**Work to complete:**
No pictures go into the copy. Write out every line below exactly.

**Recorded information:**
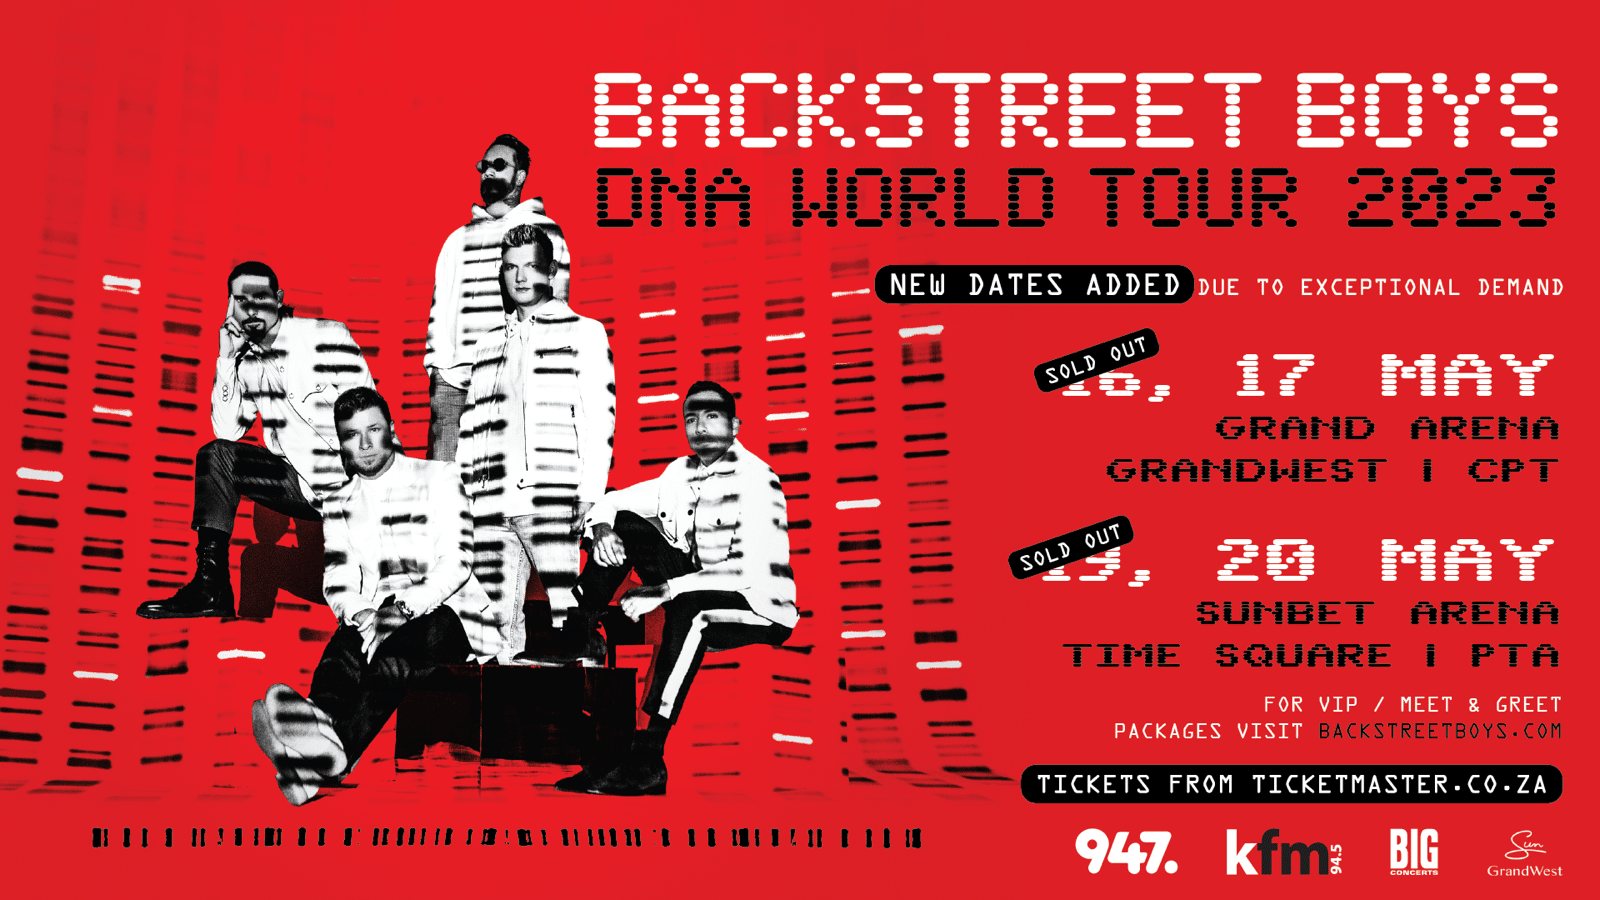 Backstreet Boys Tour South Africa
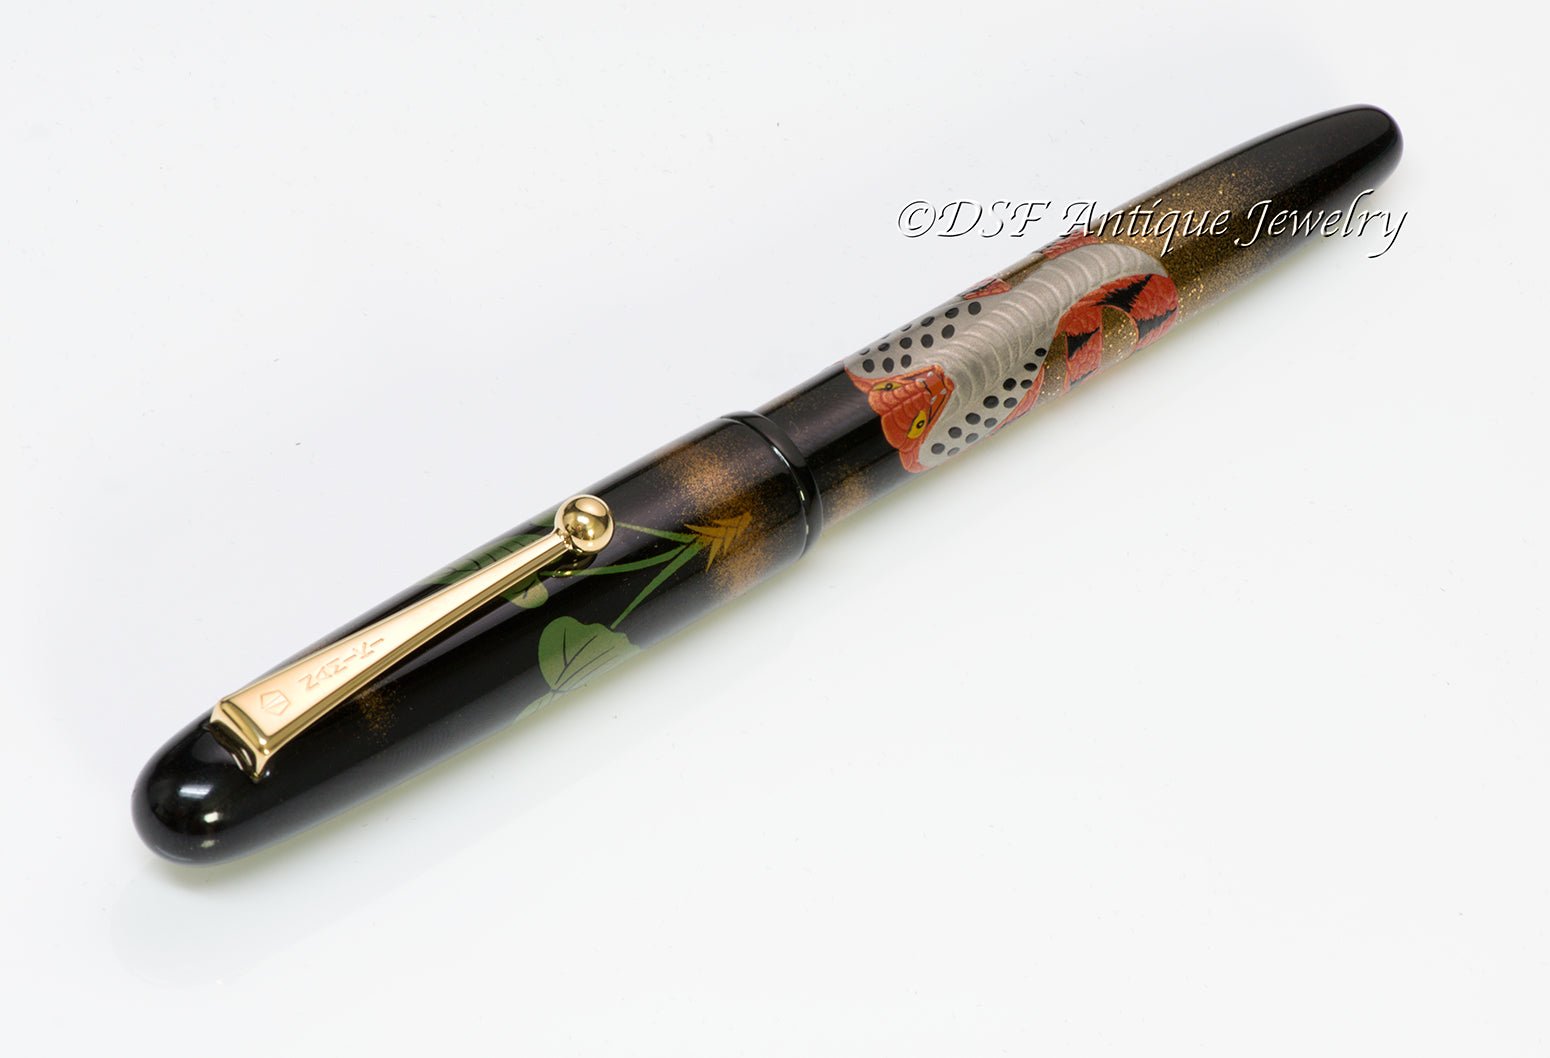 Namiki Yukari King Cobra Limited Edition Fountain Pen
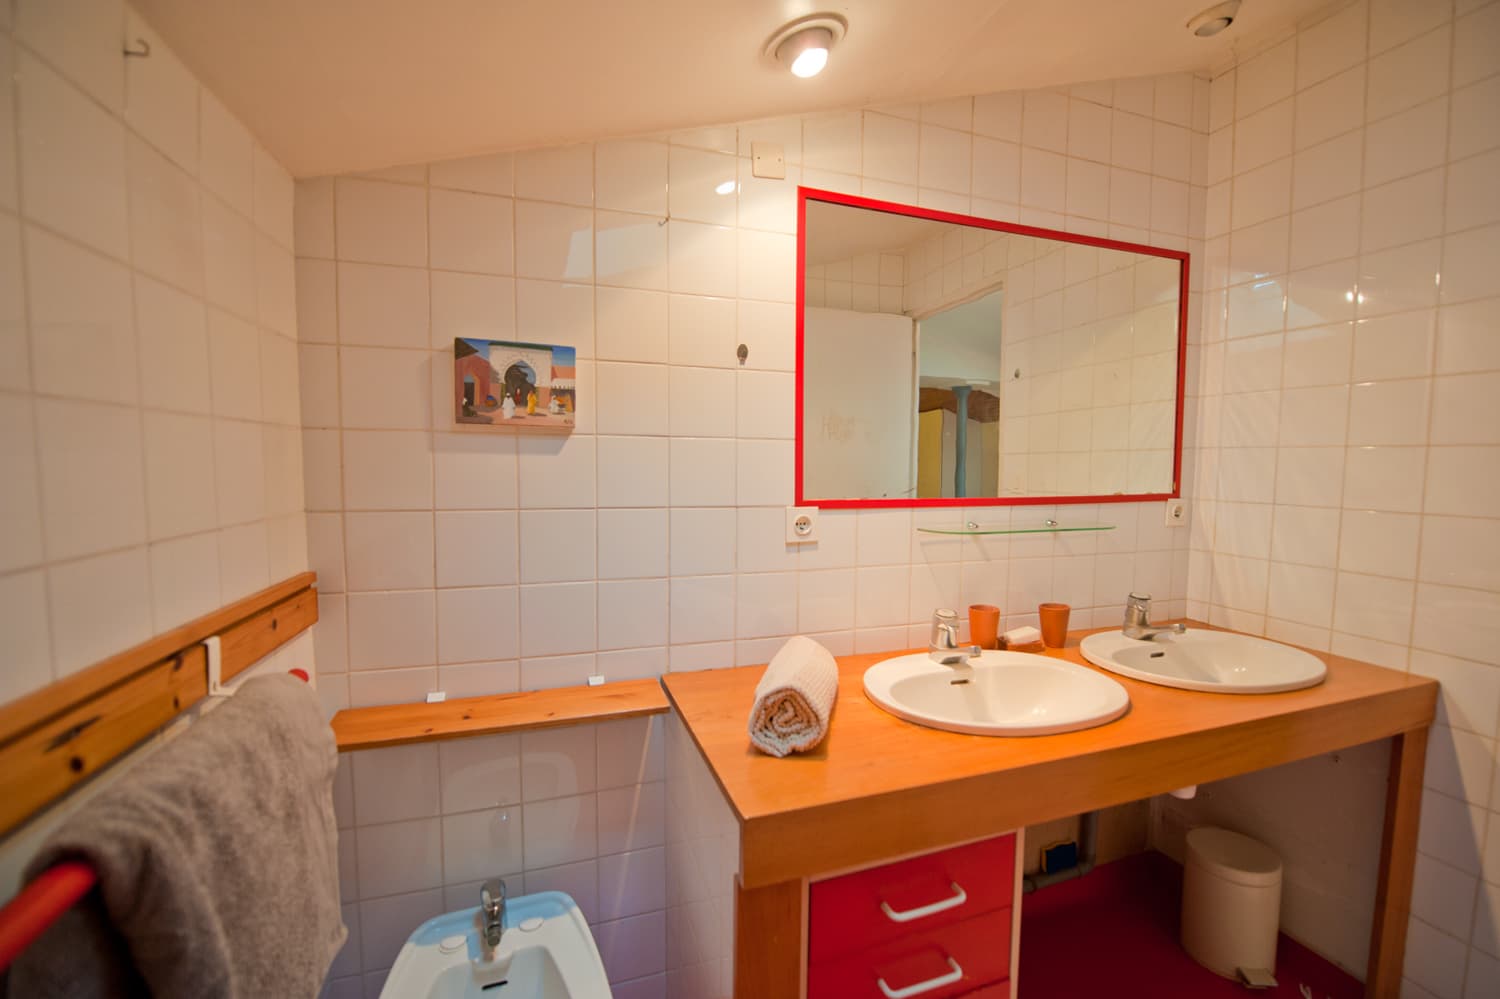 Bathroom in South West France rental home
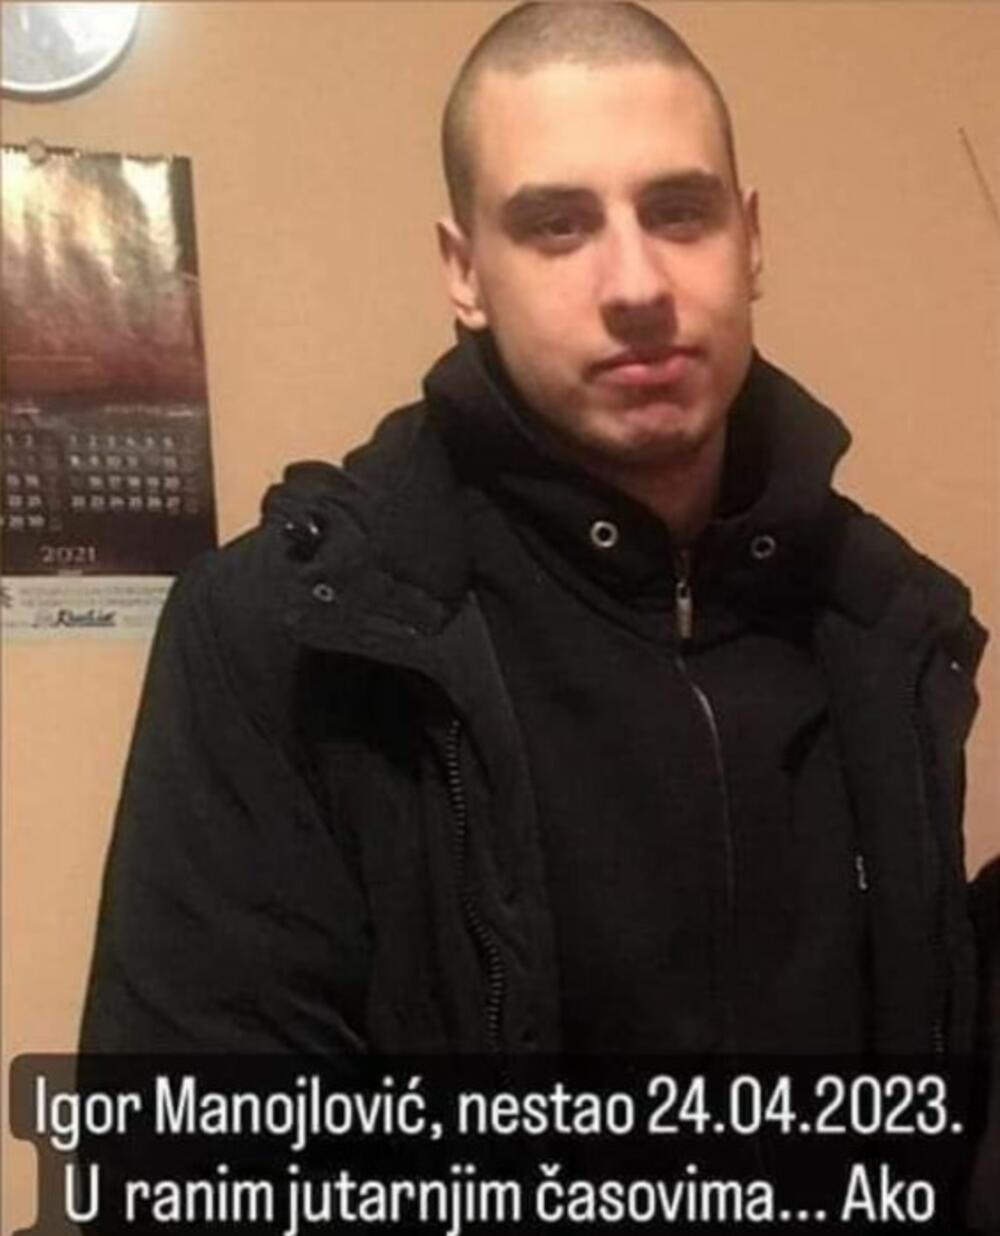 Igor Manojlović

**Output of the exercise:**
 Backstreet Boys Tour South Africa
 Namiki Yukari King Cobra Limited Edition Fountain Pen
 Bathroom in South West France rental home
 Igor Manojlović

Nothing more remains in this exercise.